For Republican Presidential hopeful Mitt Romney, the inherent peril of the third and final debate’s focus on foreign policy is obvious.

“All he has is speeches,” my colleague Shmuel Rosner writes in this week’s Jewish Journal cover story, a formulation that sounds ironically similar to the very attack Republicans like to level against President Barack Obama. Aaron David Miller, in a recent article in Foreign Policy, notes that the argument Romney has to make – that he’ll be markedly better than the man he’s seeking to replace – is a “counterfactual” one. He won’t point to his stint as Governor to illustrate his experience abroad  (because you can’t see Russia from Massachusetts), and pointing to policies by way of illustration is tough, too, because his policies on significant international issues often don’t differ much from the President’s.

So, what we can expect from Romney on Monday night is a bit more of what we’ve seen already. He’ll probably have polished the attack he used (clumsily, yes) in the town hall debate, when he assailed Obama for his administration’s response to the murder of four Americans in Libya. Romney will likely also take on Obama for having “apologized for America,” a cliché that even the Wall Street Journal editorial board is tired of.

Though it’s less apparent, there’s peril lurking in the foreign policy debate for Obama, too – but it’s a strategic peril. Could Obama clean up on Monday night simply by claiming credit for ending the war in Iraq, drawing down the American military’s presence in Afghanistan and killing Osama Bin Laden? Maybe, but even if he gets a “win,” the impact will be blunted, in part because the debate over foreign policy matters less to voters (polls show they’re making their decisions based on economic issues) and in part because unlike the first and second debates (which 67 and 65.6 million people watched, respectively), at least a few (million) Americans are going to be tuning out the candidates and watching the Lions and Bears instead.

If the challenges are different – Romney has to make a strong showing on a subject where he’s at a disadvantage; Obama needs to retroactively win a more significant debate that he already lost a few weeks ago – the answer for both candidates is the same.

Go domestic.
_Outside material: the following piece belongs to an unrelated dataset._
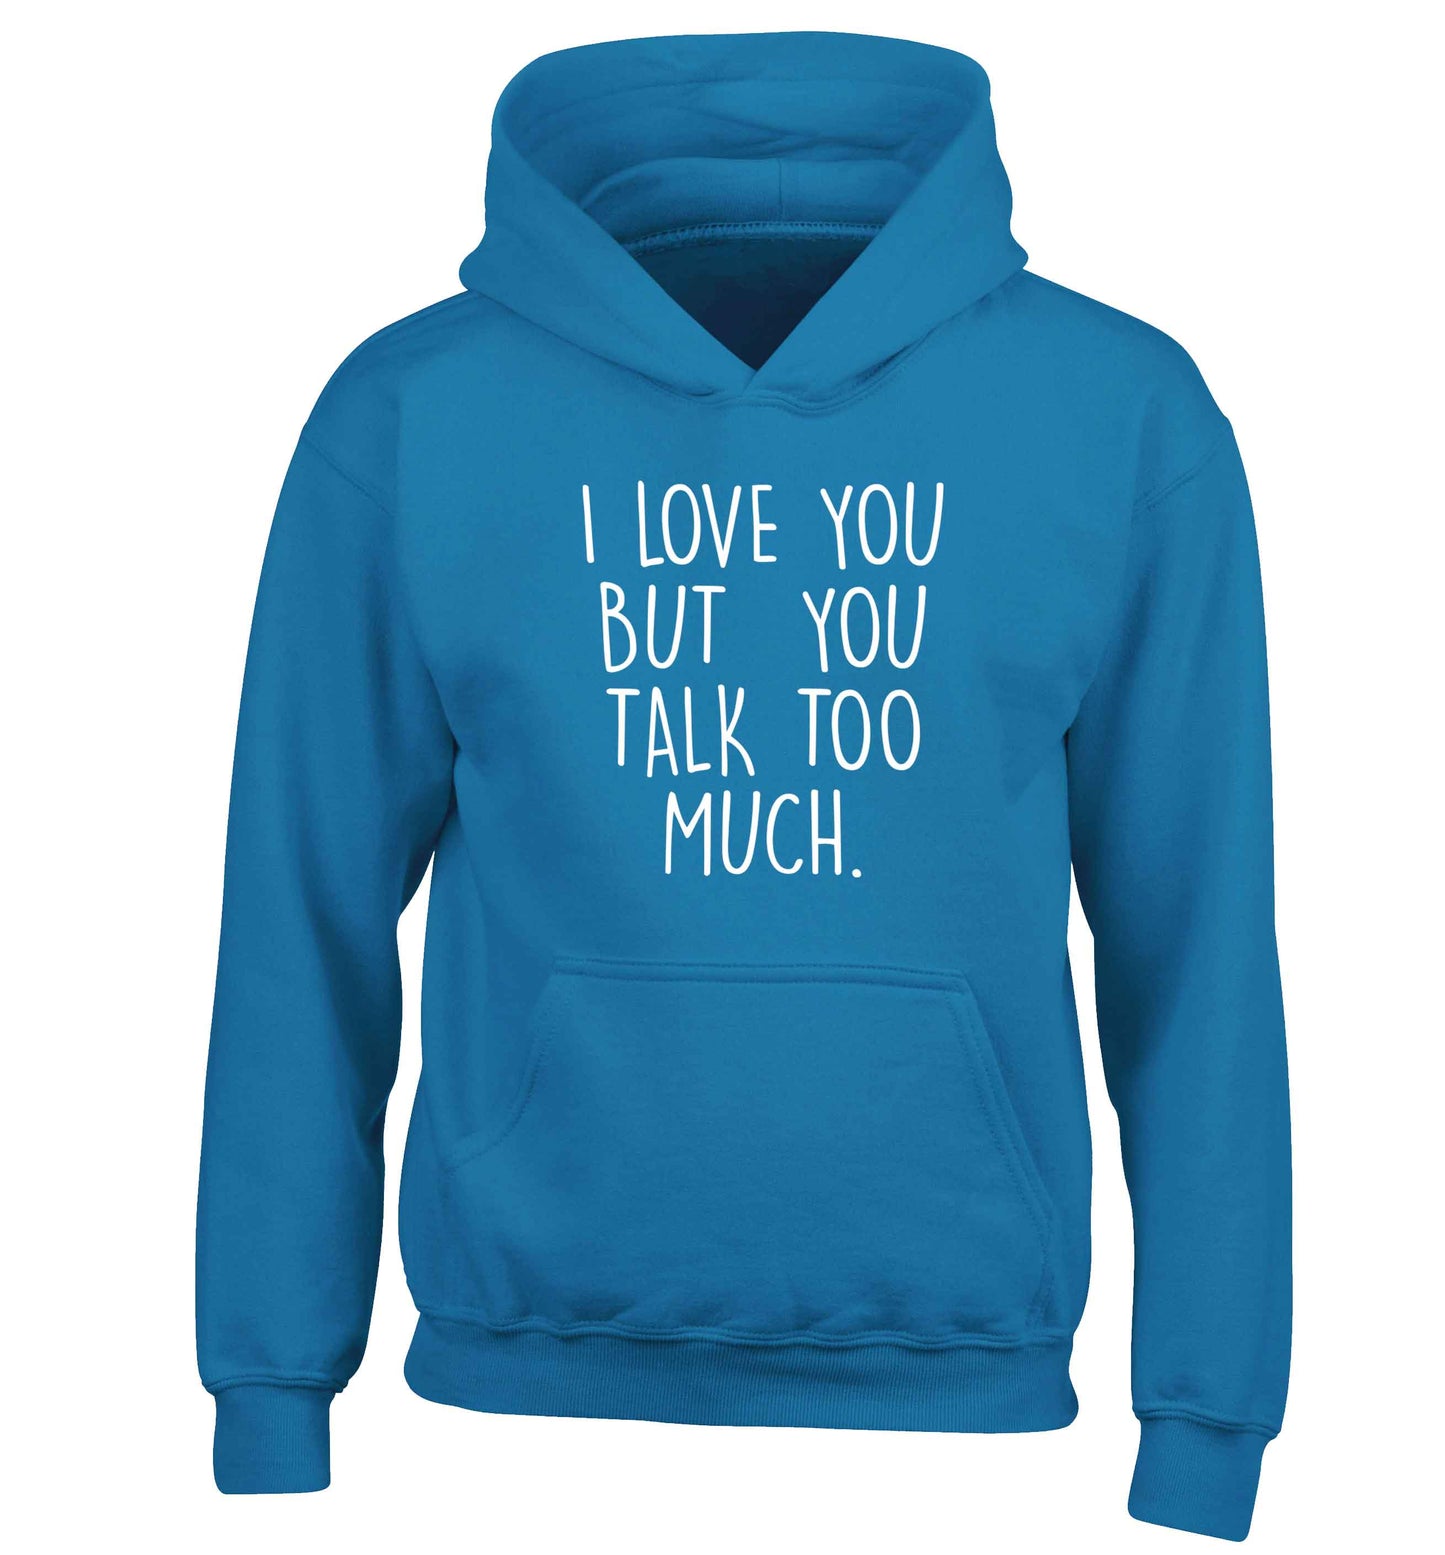 I love you but you talk too much children's blue hoodie 12-13 Years
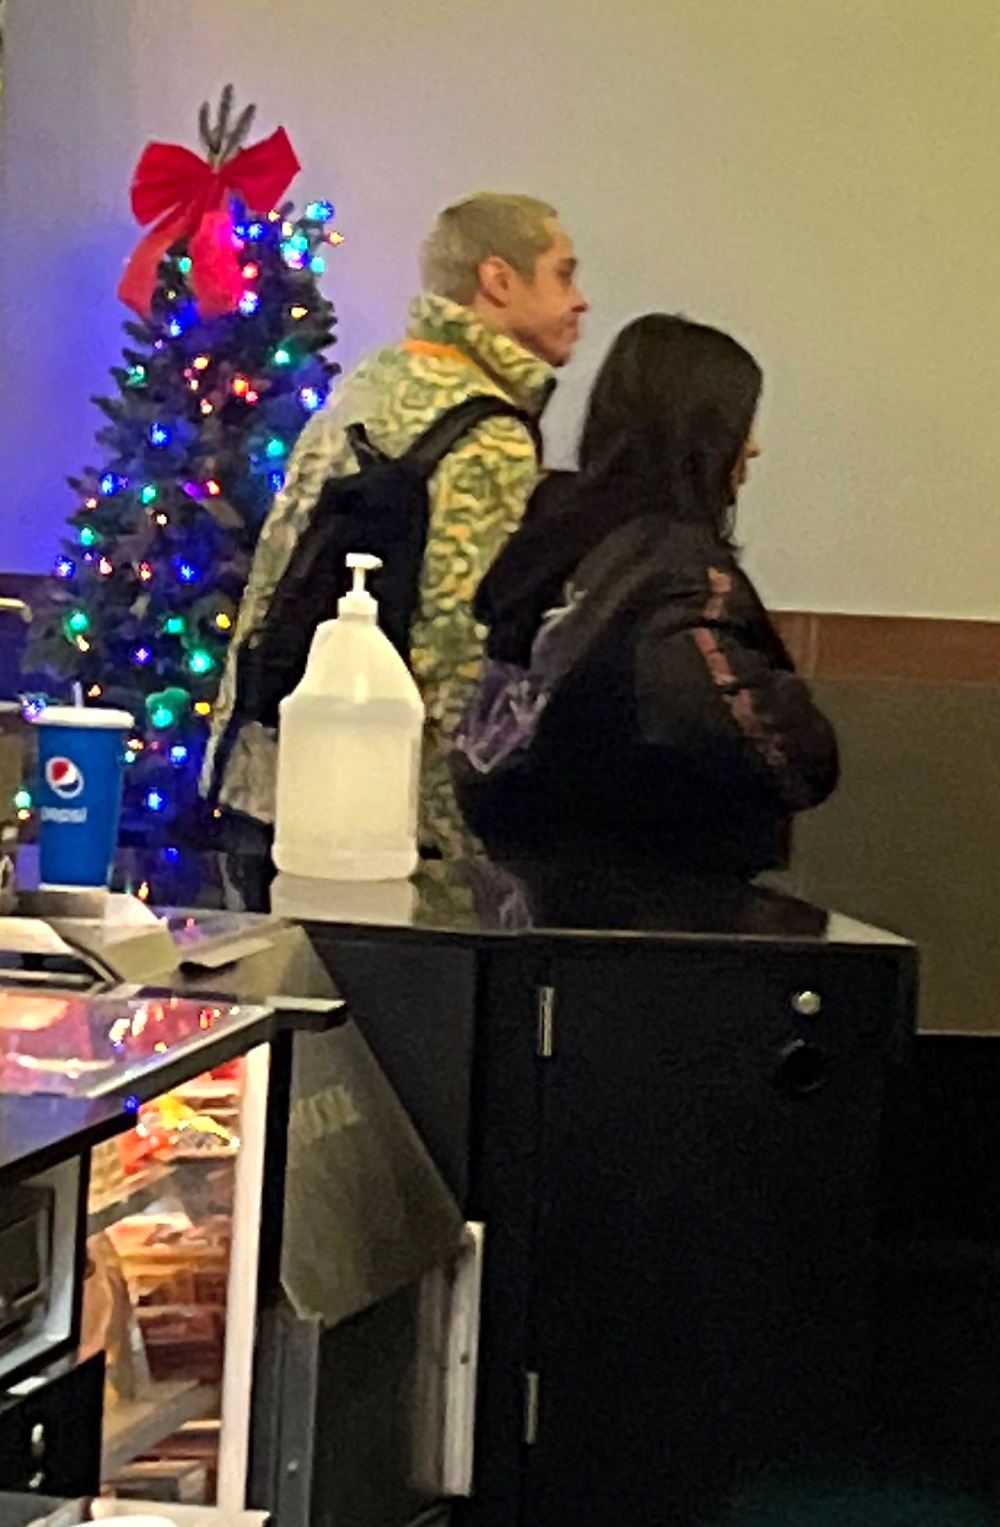 Kim Kardashian and Pete Davidson Have Movie Theater Date in Staten Island Amid Downsized ‘SNL’

No matter the question, the candidates would do well to treat every one of those 90 minutes as an opportunity to get back to the issues most likely to be driving votes in November by connecting foreign policy to the economy and healthcare.

For Romney, the central argument should be that the biggest obstacle to continued American leadership in the world is the sluggish recovery of the American economy. Accusing Obama of mismanaging the world’s most powerful economy – thereby weakening the world’s only true superpower – might be the challenger’s best line of attack. It gets to what people care about and harks back to Romney’s strong suit, his business experience.

On Monday, Obama needs to do the exact same thing, and answer questions about foreign policy in ways that remind voters about the unease they have about Romney and his domestic policies.

Imagine how each candidate could address a question about the Middle East, for example.

Romney could quickly deliver his piece about how the President has distanced the United States from its allies and then say something to the effect of, “Our allies around the world are strongest when we are strongest at home. Any President has to be able to do more than one thing at a time, sure, but this President went on a world tour when he should’ve been busy in Washington creating jobs, which is what I intend to do from my very first day in office. When world leaders need me, they’ll know where to find me – working to put American people back to work, every single day.”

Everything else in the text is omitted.